Такая работа может очень большую роль внести в развитие буддизма на западе, а при благоприятном раскладе может стать настольной книгой переводчиков.

В процессе работы придется стать действительно опытным религиоведом. И знатоком японского языка  :Smilie:

----------


## Дмитрий Певко

Да, проблема терминологии, можно сказать, лежит на поверхности.
А я бы, по старой памяти, попробовал бы замутить что-нибудь лингвокультурологическое, связанное с семантикой. Например, что-нибудь вроде "Аксиологическая семантика в английской и японской религиозной лексике: сопоставительный анализ". Такая тема, правда, тянет уже на докторскую.

----------


## Yura

Да, над терминами можно работать. Хотя я пока смутно себе представляю, как мне удастся отыскать новые, наиболее адекватные переводы буддийских терминов с японского на английский. Уже столько народа над этим трудилось. Интересно, как обстоят дела с французским?
Тема аксиологической семантики тоже звучит интересно. Я так понимаю, здесь речь о восприятии носителями этих языков понятий "добро", "зло", "священное" и т.п. Да?  А откуда возникла такая тема? Кто-то уже начал ее разрабатывать?
Может, еще есть какие-нибудь предложения? Чем больше выбор, тем проще найти именно ту тему, которая нужна.

----------


## Perevod

Можете провести сравнительный анализ переводов чего-нибудь известного. Например  Genjokoan или Zazengi (в интернете я думаю лежат штук 10 разных переводов - от дословного до "я даже не знаю какое предложение они сейчас переводили").
Или перевести что-нибудь до сих пор непереведённое. Этого тоже очень много.

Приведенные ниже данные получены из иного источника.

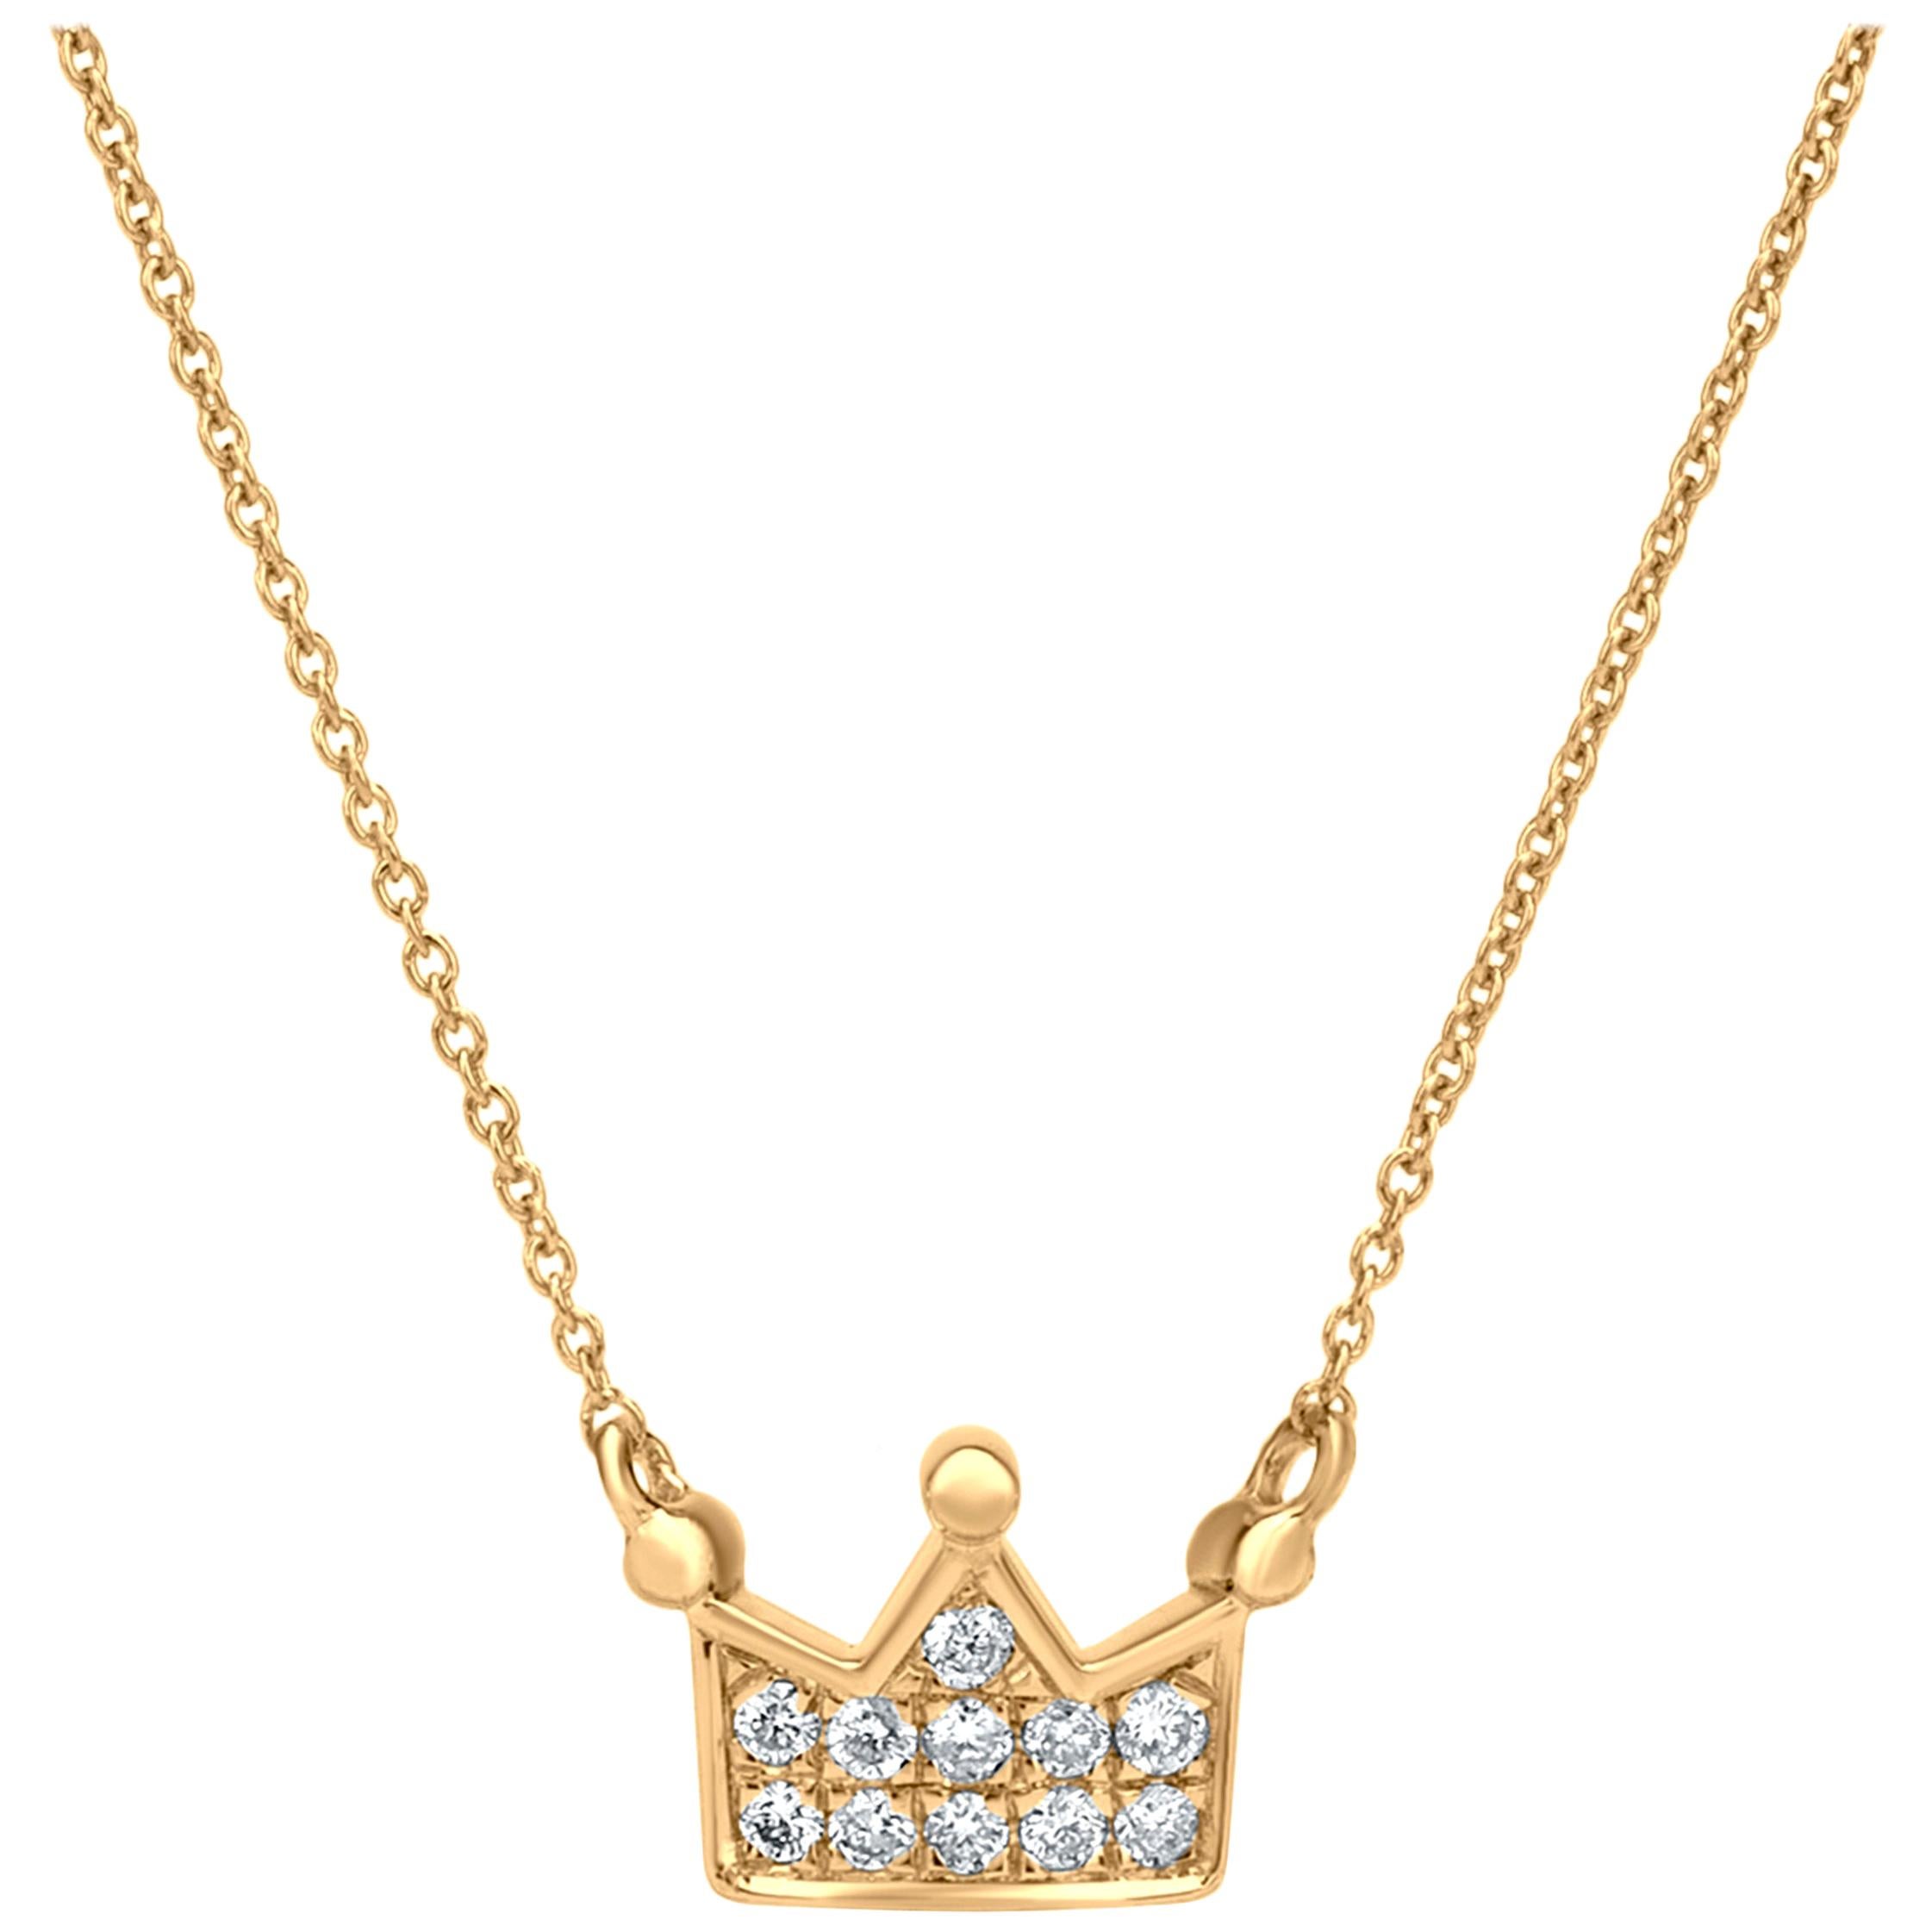 Luxle Crown Diamond Pendant Necklace in 18K Yellow Gold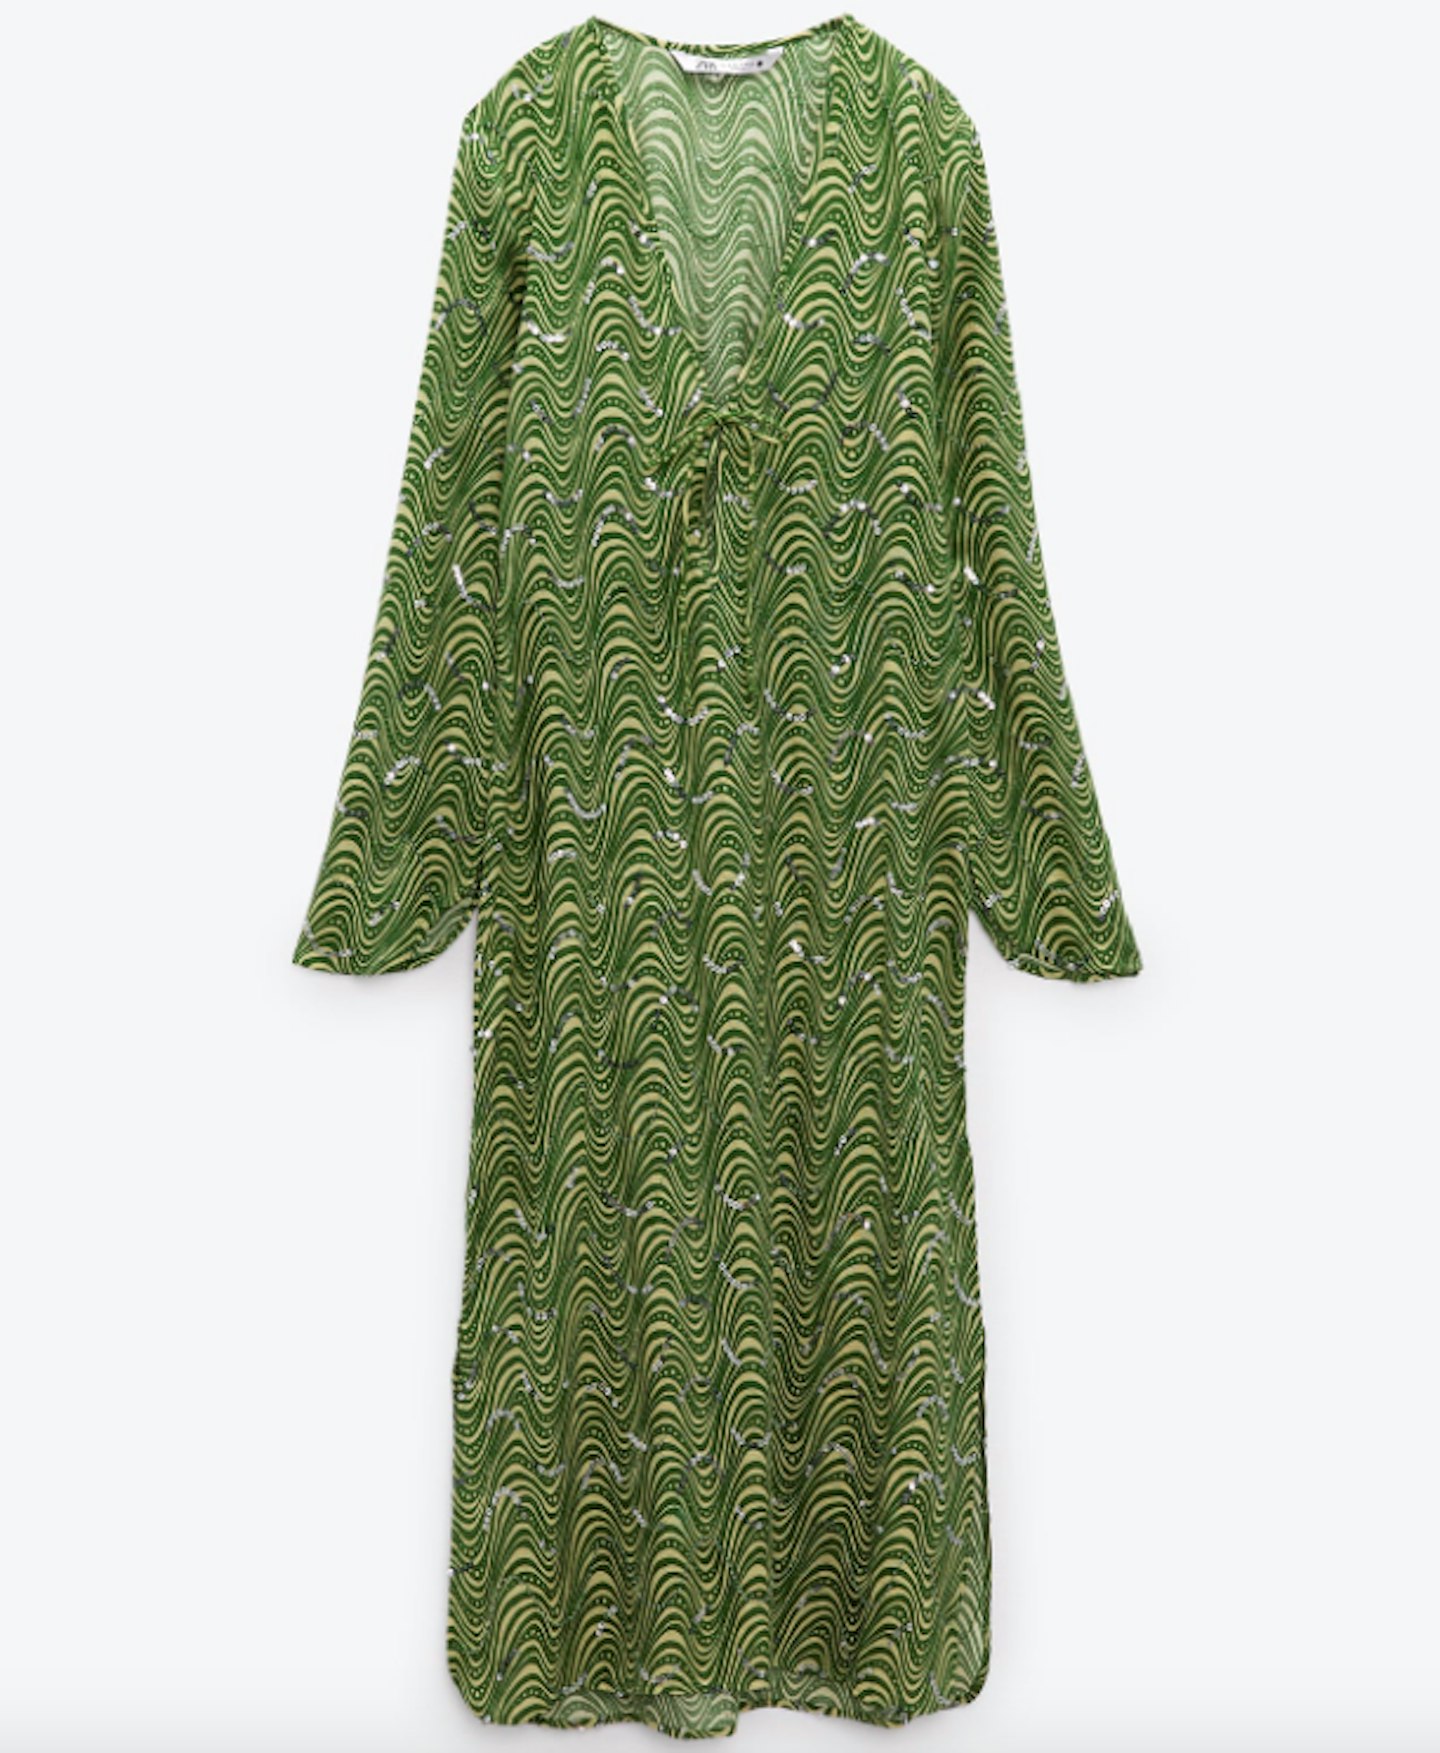 Zara, Limited Edition Printed Dress

Например дневники путешествия Догэна в Китай - если не ошибаюсь они есть только на японском

----------


## Дмитрий Певко

> Тема аксиологической семантики тоже звучит интересно. Я так понимаю, здесь речь о восприятии носителями этих языков понятий "добро", "зло", "священное" и т.п. Да?  А откуда возникла такая тема? Кто-то уже начал ее разрабатывать?


Именно так. Этой темой уже не первый год занимается мой бывший научный руководитель В.А.Маринчак, доцент Харьковского национального университета (филфак, кафедра русского языка).
См., например, его монографию:
В.А. Маринчак. Интенциональное исследование ценностной семантики в художественном тексте – Х.: Фолио, 2004. – 287 с.

----------


## Alexandre

Yura, Вы уже придумали? Интересная тема, которая включает в себя все из перечисленногог Вами - Д.Т.Судзуки и распространение Дзэна на западе. Она просто неисчерпаема, учитывая что он был почти богом для дзэнствующих на западе в течении десятилетий и то, что сейчас в академической среде его сильно ругают. Простор для интерпретаций вобщем ;-) Удачи! Диссертацию писать - это не на форуме постить :-)

----------